University District’s newest hotel takes advantage of its storied past

The Graduate first opened in 1931 as the Edmond Meany Hotel.

The University District’s new Graduate hotel does not scream UW or Seattle. It gestures. In the lobby, two long, low couches face each other, covered in a plaid fabric dominated by shades of purple. At one end of the room, speakers and amps culled from Seattle venues flank a giant gold-framed mirror, creating a floor-to-ceiling homage to the city’s music scene. Vintage landscape paintings from around Washington hang opposite the fireplace. One meeting room is named for Thelma Dewitty, a UW graduate student who in 1947 became the first black teacher at Seattle Public Schools.

Tidbits of local history are scattered throughout the guest rooms. A velvet image of Sir Mix-A-Lot here. A wooden side table carved in the shape of a husky there. When the building first opened in 1931 as the Edmond Meany Hotel, it was celebrated for its unique blend of Art Deco and modernist architecture. In a city known for brick and terra cotta construction, the concrete tower stood out, according to Cantilevered corners rounded the hotel’s edges, making “every room a corner room,” with large windows and sweeping views, as a 1940 brochure boasted.

Since opening, the hotel has changed hands and names several times. Its latest incarnation was the Hotel Deca, which closed in 2017 when AJ Capital Partners, which owns the Graduate chain, bought the building. The new hotel reopened with 154 rooms.

For the first time in the building’s history, a rooftop restaurant and bar takes advantage of its full height. Located 16 floors up, the eatery includes outdoor and indoor seating with views of Cascade and Olympic peaks and Mount Rainier.

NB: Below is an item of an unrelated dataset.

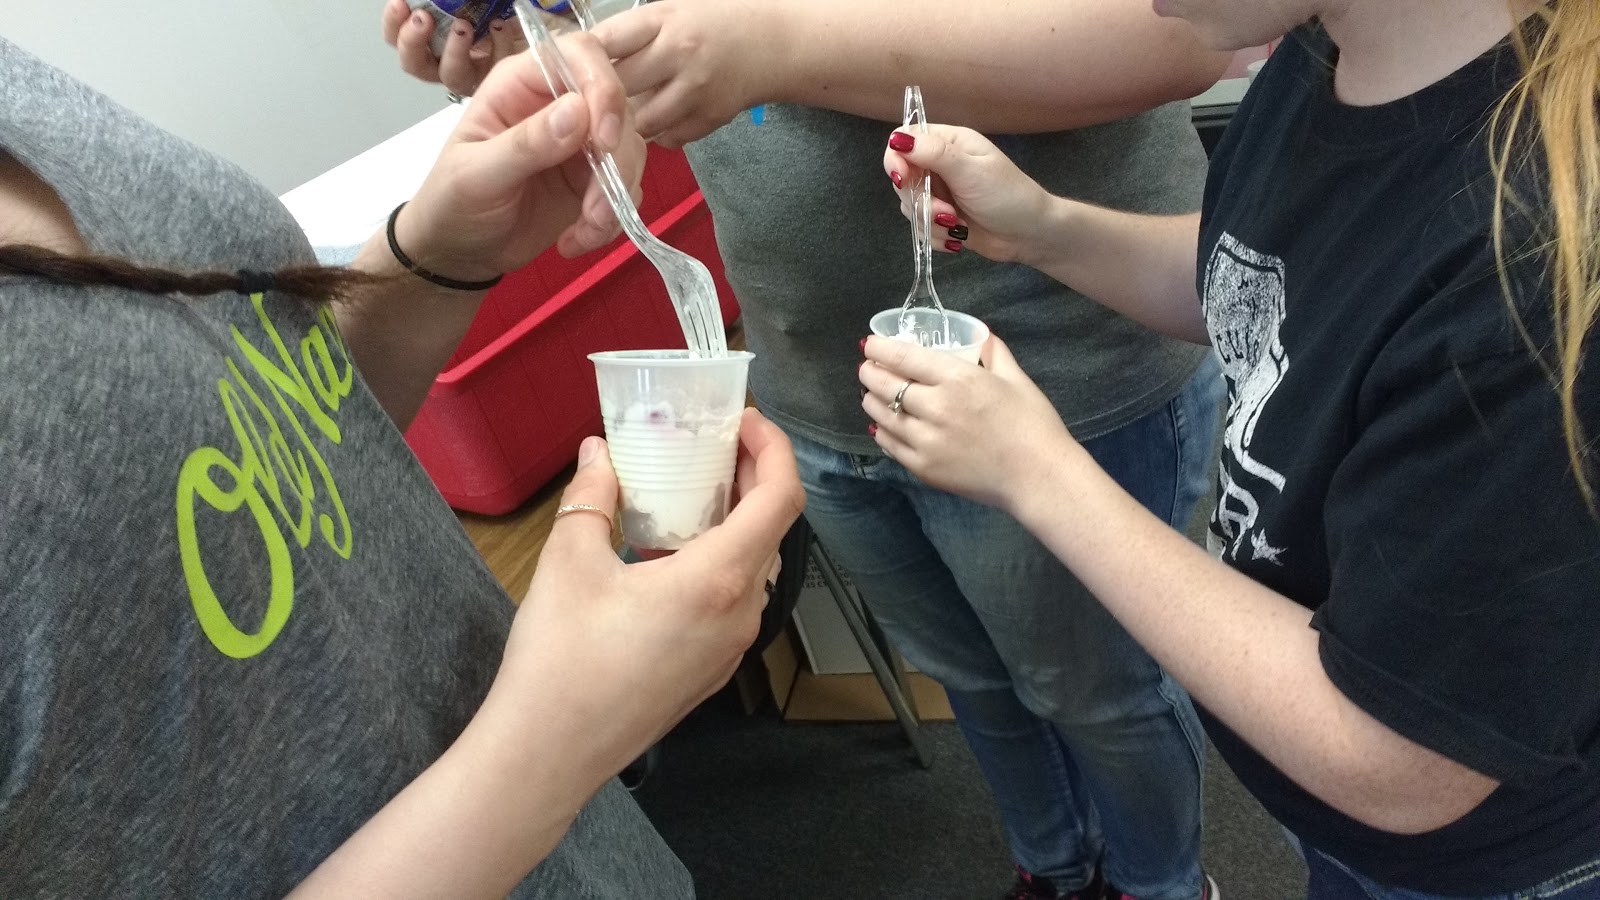 ice cream in a bag lab chemistry

The Graduate considers its street-level floors community space. Students and those who work or live nearby are welcome to study, hang out, drink wine or take a yoga class. The hotel offers free yoga instruction on Tuesday nights and Saturday mornings as well as free wine and live music from 5 to 8 p.m. every Thursday. Says Theresa Raleigh, the hotel’s marketing director: “We want to be the living room of the U-District.”